Early root growth is one of the functions of the apical meristem located near the tip of the root. The meristem cells more or less continuously divide, producing more meristem, root cap cells (these are sacrificed to protect the meristem), and undifferentiated root cells. The latter become the primary tissues of the root, first undergoing elongation, a process that pushes the root tip forward in the growing medium. Gradually these cells differentiate and mature into specialized cells of the root tissues.
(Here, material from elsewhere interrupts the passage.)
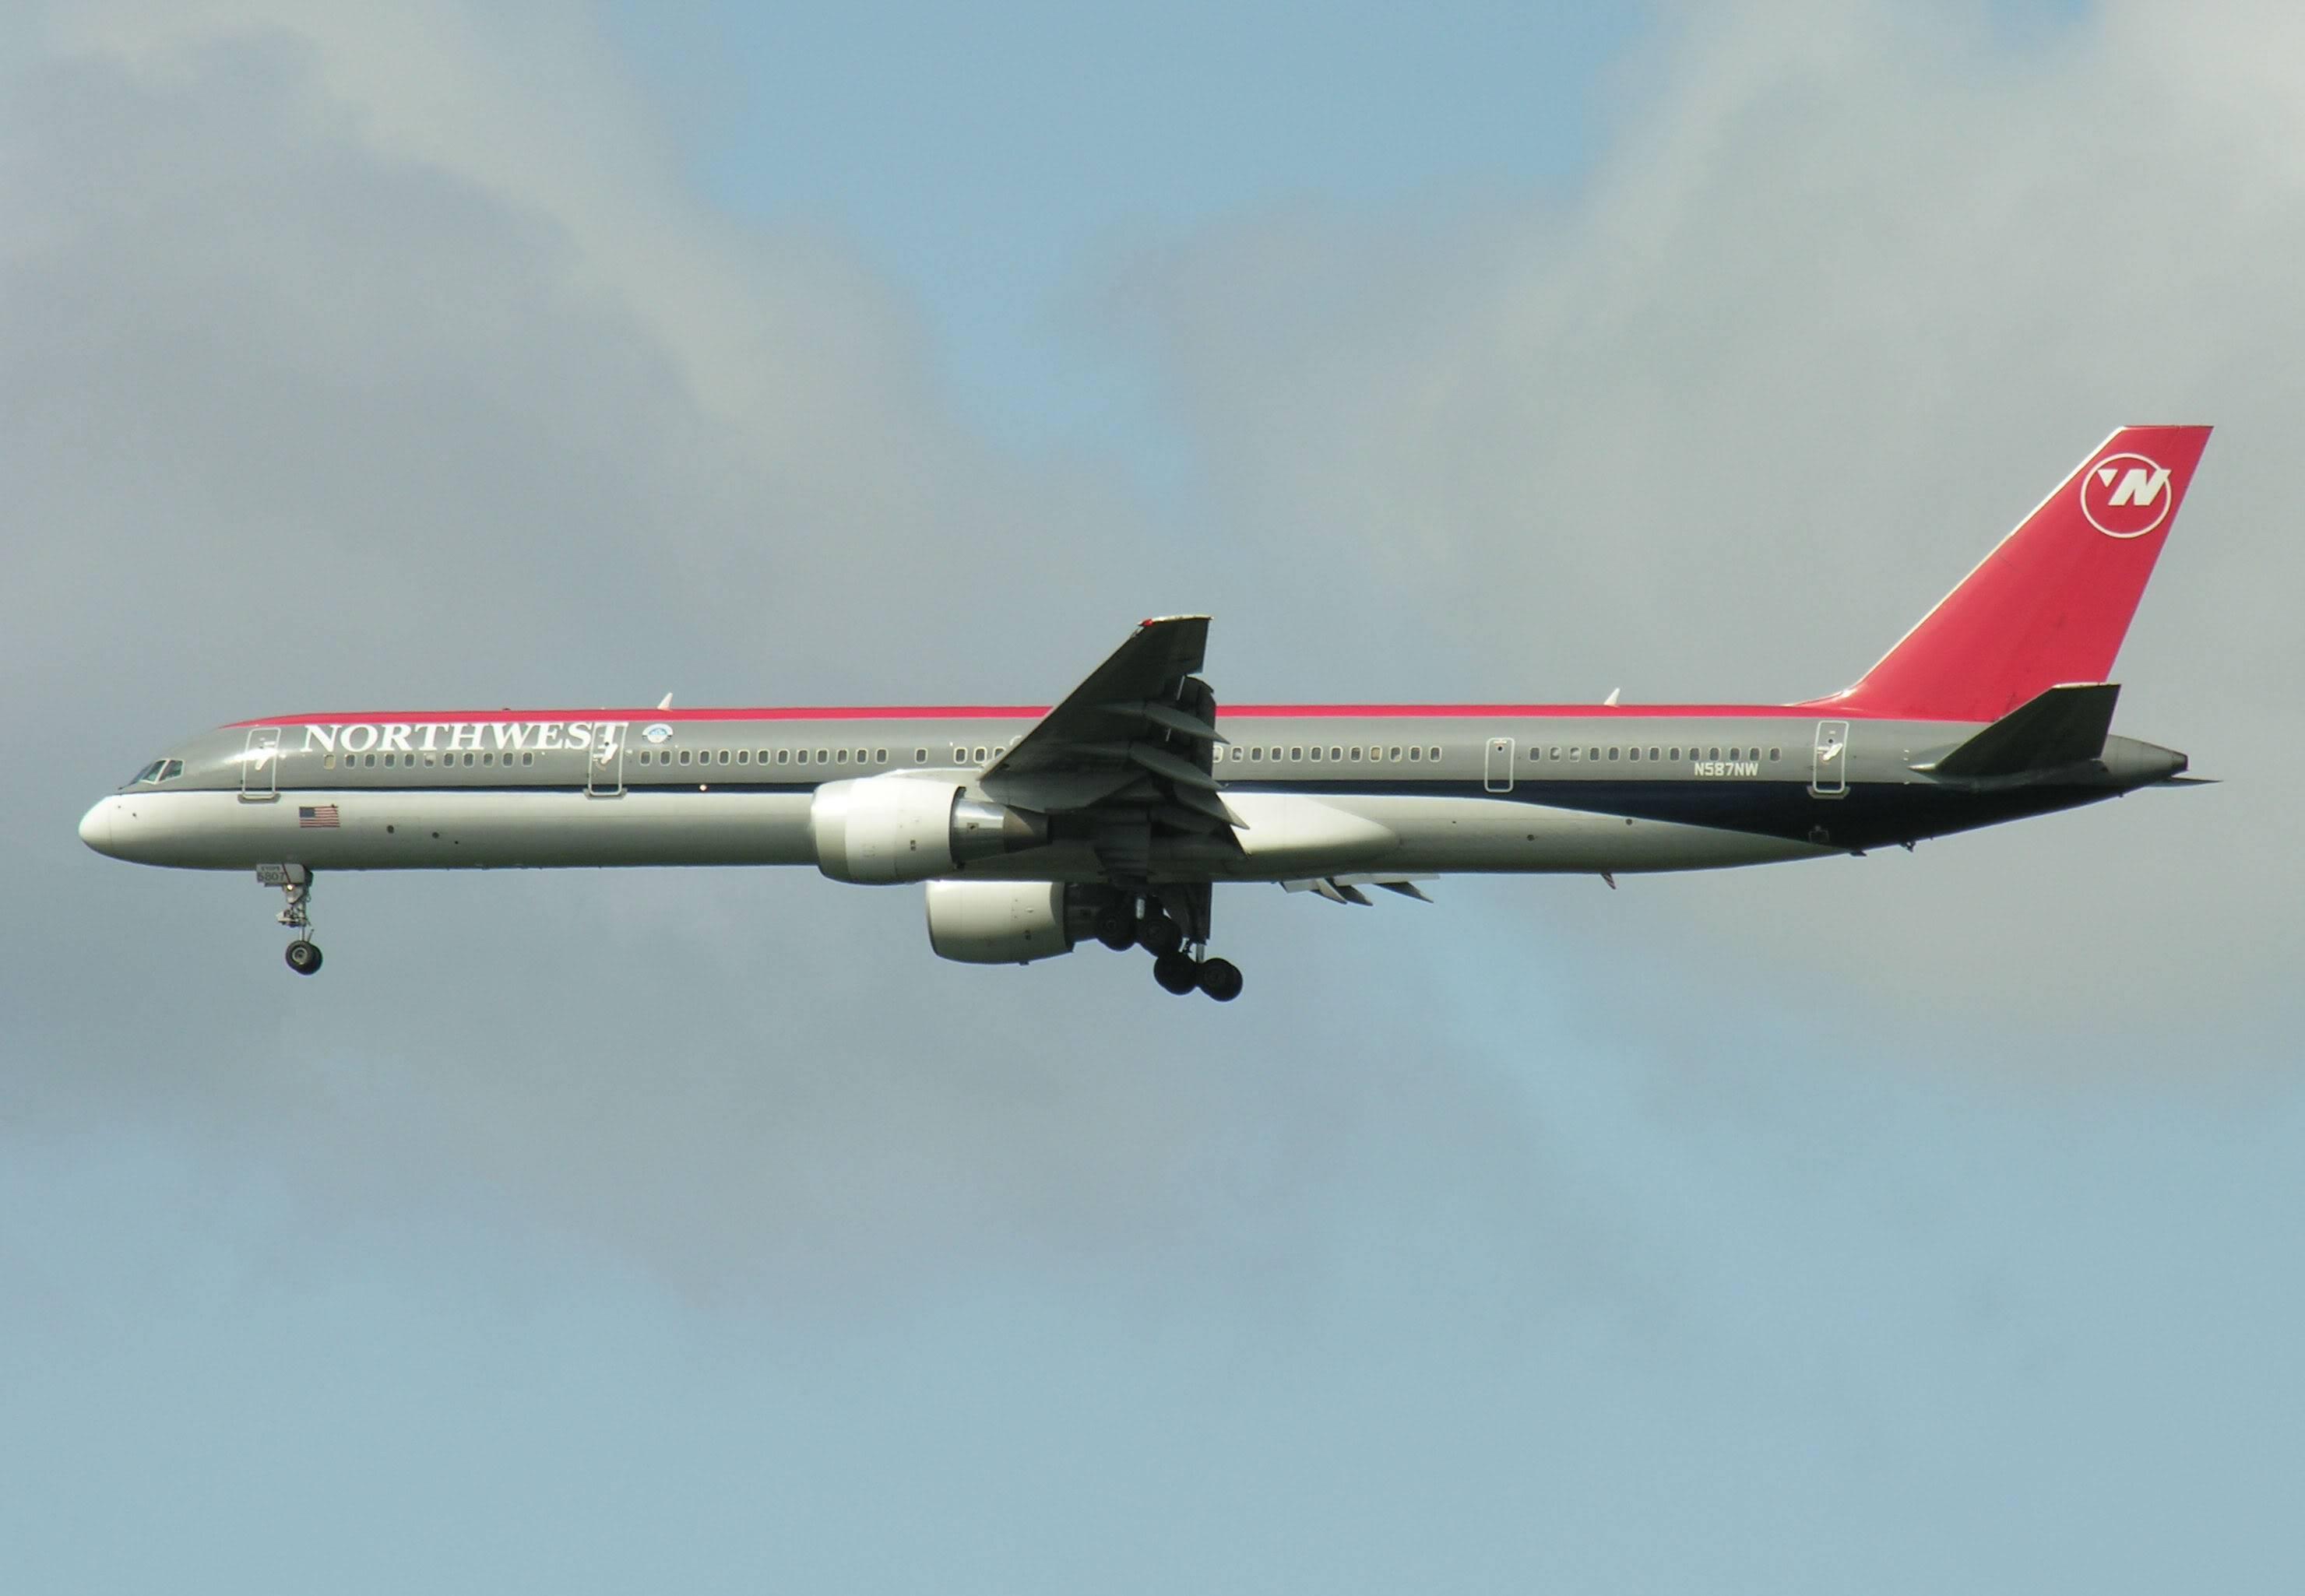 Airplane | 飛行機 | Máy bay Airplane20Preparing20to20Land

Growth from apical meristems is known as primary growth, which encompasses all elongation.
Secondary growth encompasses all growth in diameter, a major component of woody plant tissues and many nonwoody plants. For example, storage roots of sweet potato have secondary growth but are not woody. Secondary growth occurs at the lateral meristems, namely the vascular cambium and cork cambium. The former forms secondary xylem and secondary phloem, while the latter forms the periderm.

In plants with secondary growth, the vascular cambium, originating between the xylem and the phloem, forms a cylinder of tissue along the stem and root. The vascular cambium forms new cells on both the inside and outside of the cambium cylinder, with those on the inside forming secondary xylem cells, and those on the outside forming secondary phloem cells. As secondary xylem accumulates, the "girth" (lateral dimensions) of the stem and root increases. As a result, tissues beyond the secondary phloem including the epidermis and cortex, in many cases tend to be pushed outward and are eventually "sloughed off" (shed).

At this point, the cork cambium begins to form the periderm, consisting of protective cork cells. The walls of cork cells contains suberin thickenings, which is an extra cellular complex biopolymer. The suberin thickenings functions by providing a physical barrier, protection against pathogens and by preventing water loss from the surrounding tissues. In addition, it also aids the process of wound healing in plants. It is also postulated that suberin could be a component of the apoplastic barrier (present at the outer cell layers of roots) which prevents toxic compounds from entering the root and reduces radial oxygen loss (ROL) from the aerenchyma during waterlogging. In roots, the cork cambium originates in the pericycle, a component of the vascular cylinder.

The vascular cambium produces new layers of secondary xylem annually. The xylem vessels are dead at maturity (in some) but are responsible for most water transport through the vascular tissue in stems and roots.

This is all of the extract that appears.